Pleasant Valley High School is a public high school in Brodheadsville, Pennsylvania (U.S.).

The school's name was given by its founder, John C. Mills, who took it from a common name for the area used by the locals. Pleasant Valley High School is located on U.S. Route 209. The building was built in 1960 and renovated in 2005. The school had 1,569 students as of the 2018–2019 school year.

==Arts==
In 2010, Pleasant Valley High School Marching Band was crowned the USBands Group 4A Pennsylvania State Champions with their show "Western Portraits." The show included songs such as "The Magnificent Seven", Silverado, and Hoedown.

==Athletics==

Pleasant Valley competes athletically in the Eastern Pennsylvania Conference (EPC) in District XI of the Pennsylvania Interscholastic Athletic Association (PIAA), one of the premier high school athletic divisions in the nation.

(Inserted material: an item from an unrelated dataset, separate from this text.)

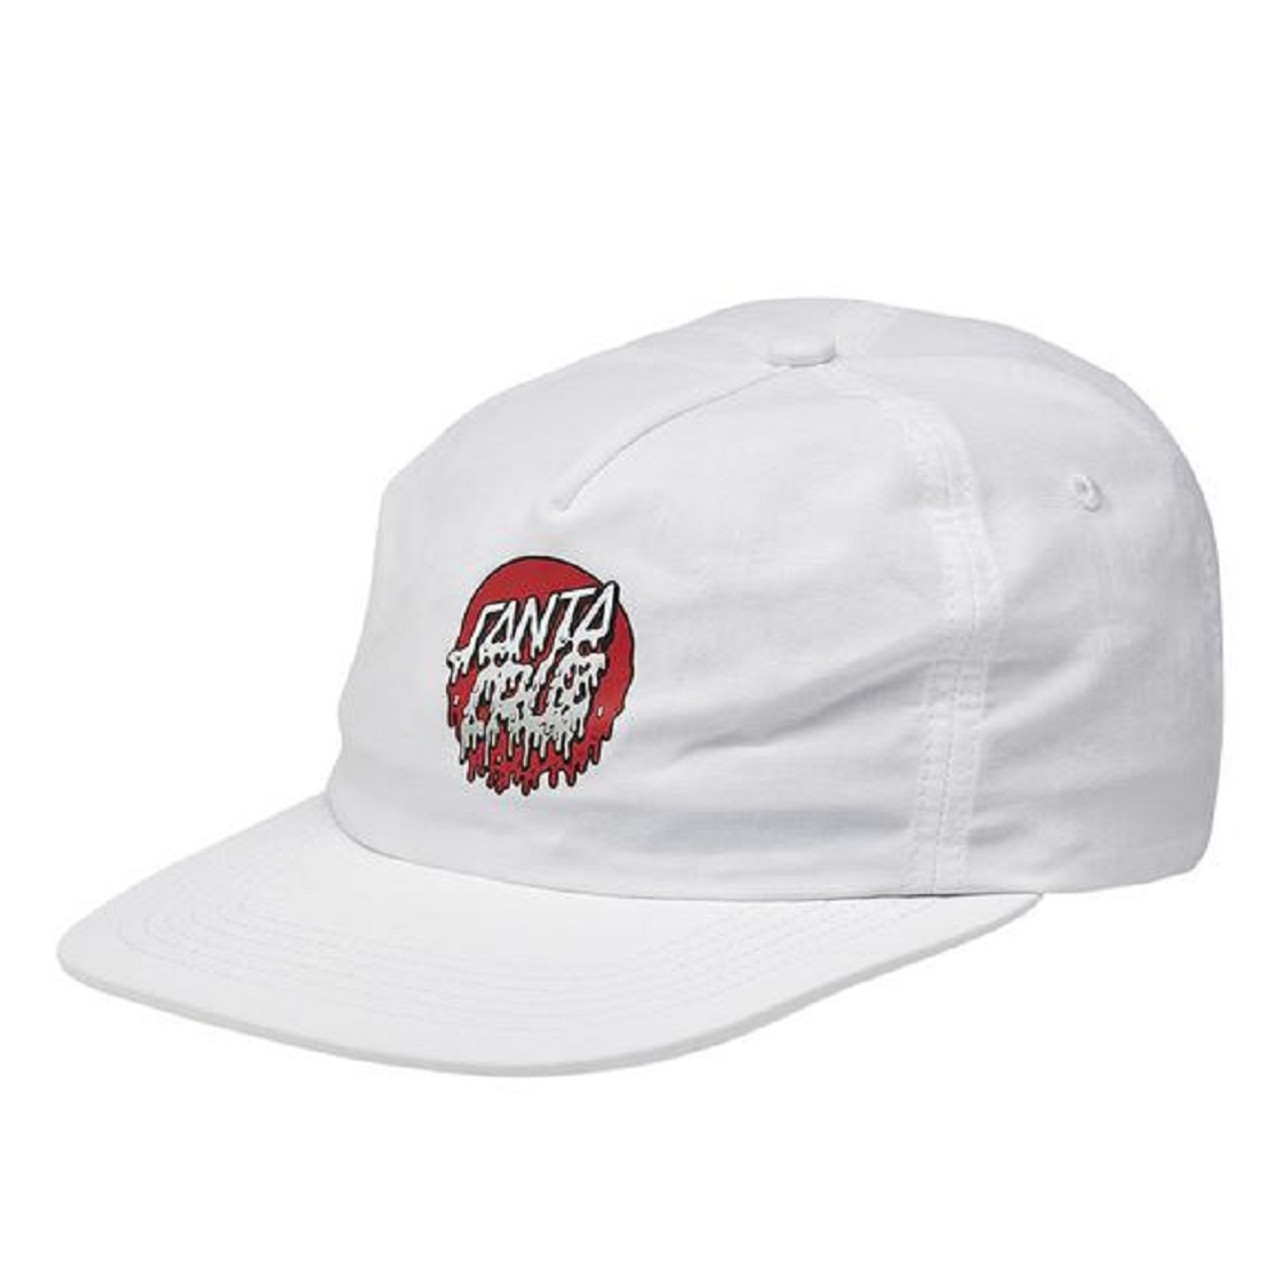 Santa Cruz Rad Dot Hat White Snapback
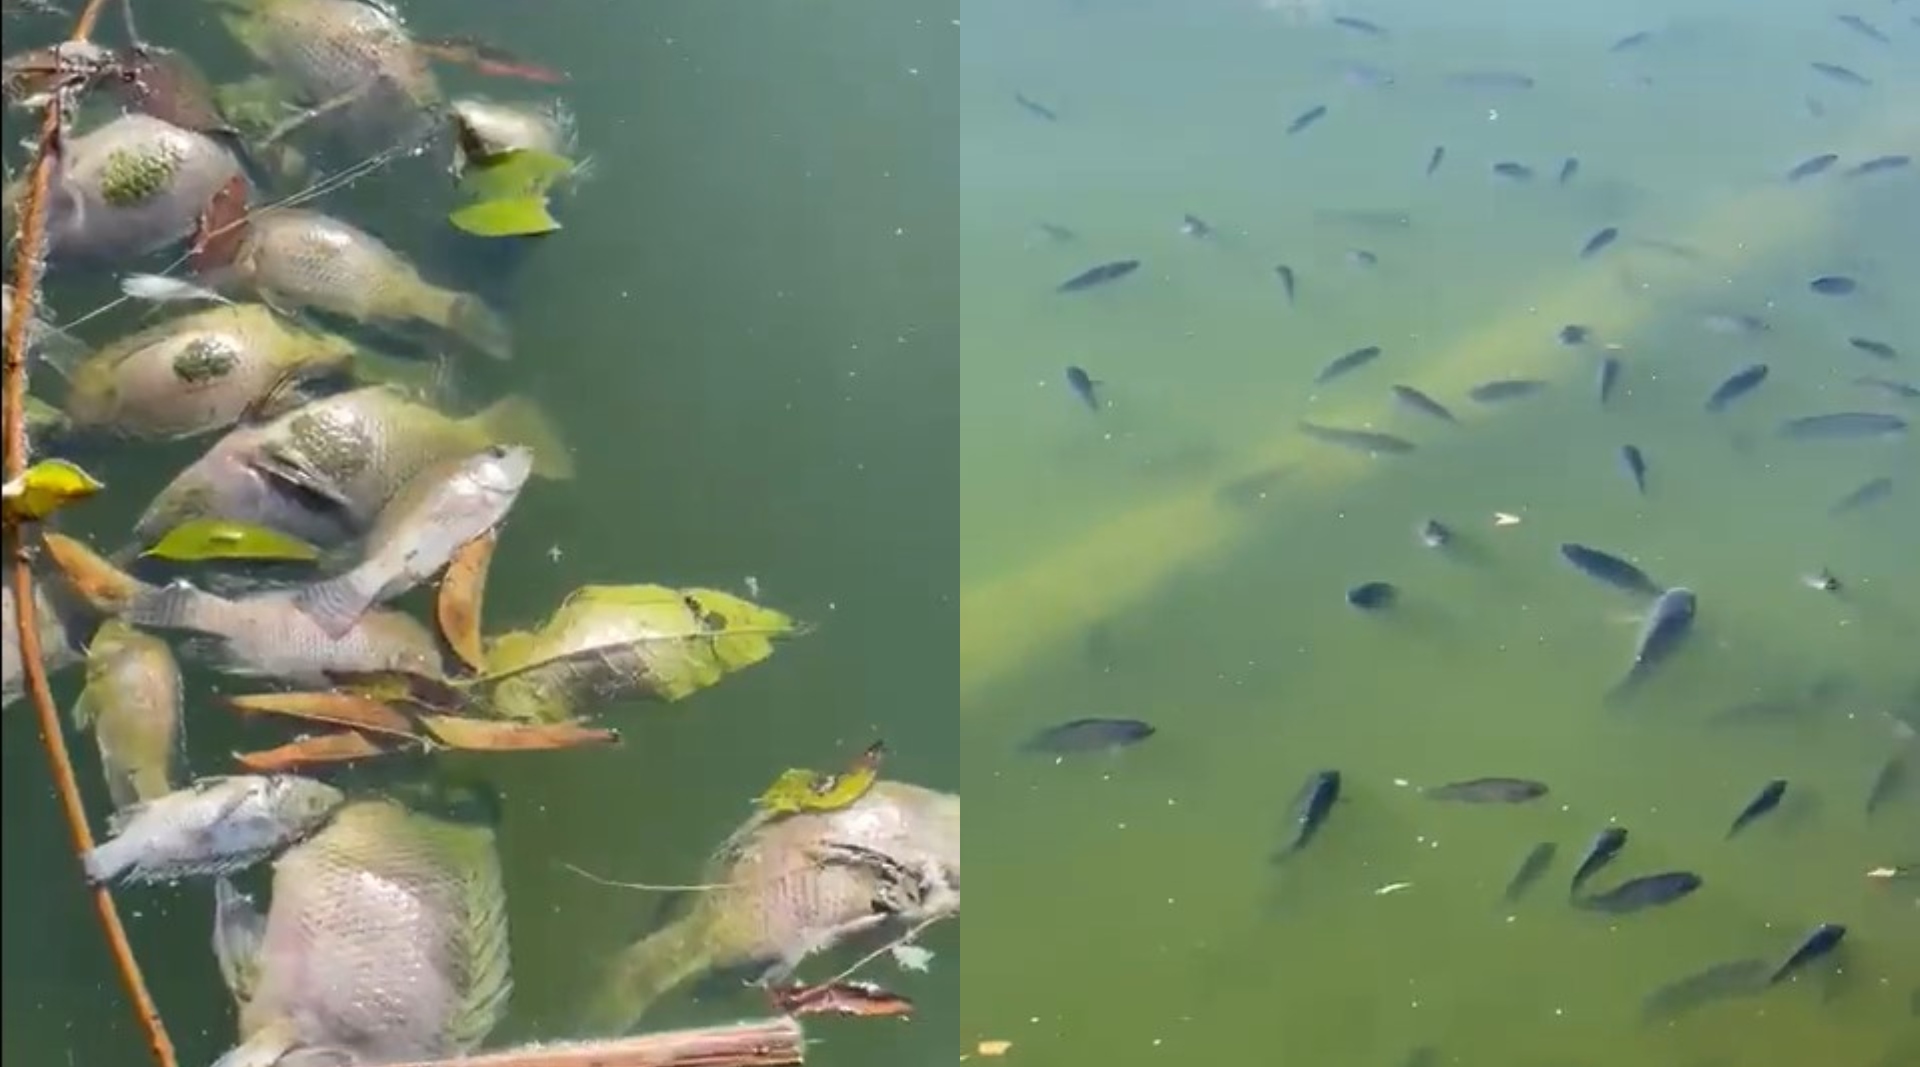 Mediante redes sociales, una persona denunció la muerte de decenas de peces en el lago del bosque. (Twitter/@pinkstarmx)

The district's varsity sports include:

- Boys
- Baseball - AAAA
- Basketball- AAAA
- Cross Country - AAA
- Football - AAAA
- Golf - AAA
- Soccer - AAA
- Tennis - AAA
- Track and Field - AAA
- Wrestling - AAA

- Girls
- Basketball - AAAA
- Cheerleading - AAAA
- Cross Country - AAA
- Field hockey - AAA
- Soccer (Fall) - AAA
- Softball - AAAA
- Tennis - AAA
- Track and Field - AAA
- Volleyball - AAA

According to PIAA directory July 2013 All of the school's teams participate in the Eastern Pennsylvania Conference.

===Baseball===
For over a dozen years, the baseball team was undefeated.

===Football===
The Pleasant Valley Football program was a major contender in the Mountain Valley Conference (MVC) for quite some time, winning the District 11 Championship in 1999 and numerous Conference Championships. Since then, they were MVC champions a few more times and continued to be a top competitor in the MVC. A new head football coach, Jimmy Terwilliger, was hired in March 2009.

Terwilliger, the former Harlon Hill Trophy winner (considered to be the Division II equivalent of the Heisman Trophy), tried to put the Bears back in the MVC race. The proudest part of Pleasant Valley Football's history is "The Old Oaken Bucket". It is an annual rivalry game between the Pocono Mountain East Cardinals and the PV Bears, which has been played since the 1960s. For 8 years, up until the 07–08 season, the Bears have kept the bucket, an individual record for the most times in a row either of the teams have had the bucket. Pleasant Valley currently holds "The Bucket" after an emotional game that came down to the last play. Pleasant Valley won 24–19. Pleasant Valley leads the series with Pocono Mountain.

===Wrestling===
The wrestling program is strong. During the 2002-2003 season, it was ranked top 10 in the PIAA AAA and the top 50 nationally. Two wrestlers medaled in 2010 PIAA states.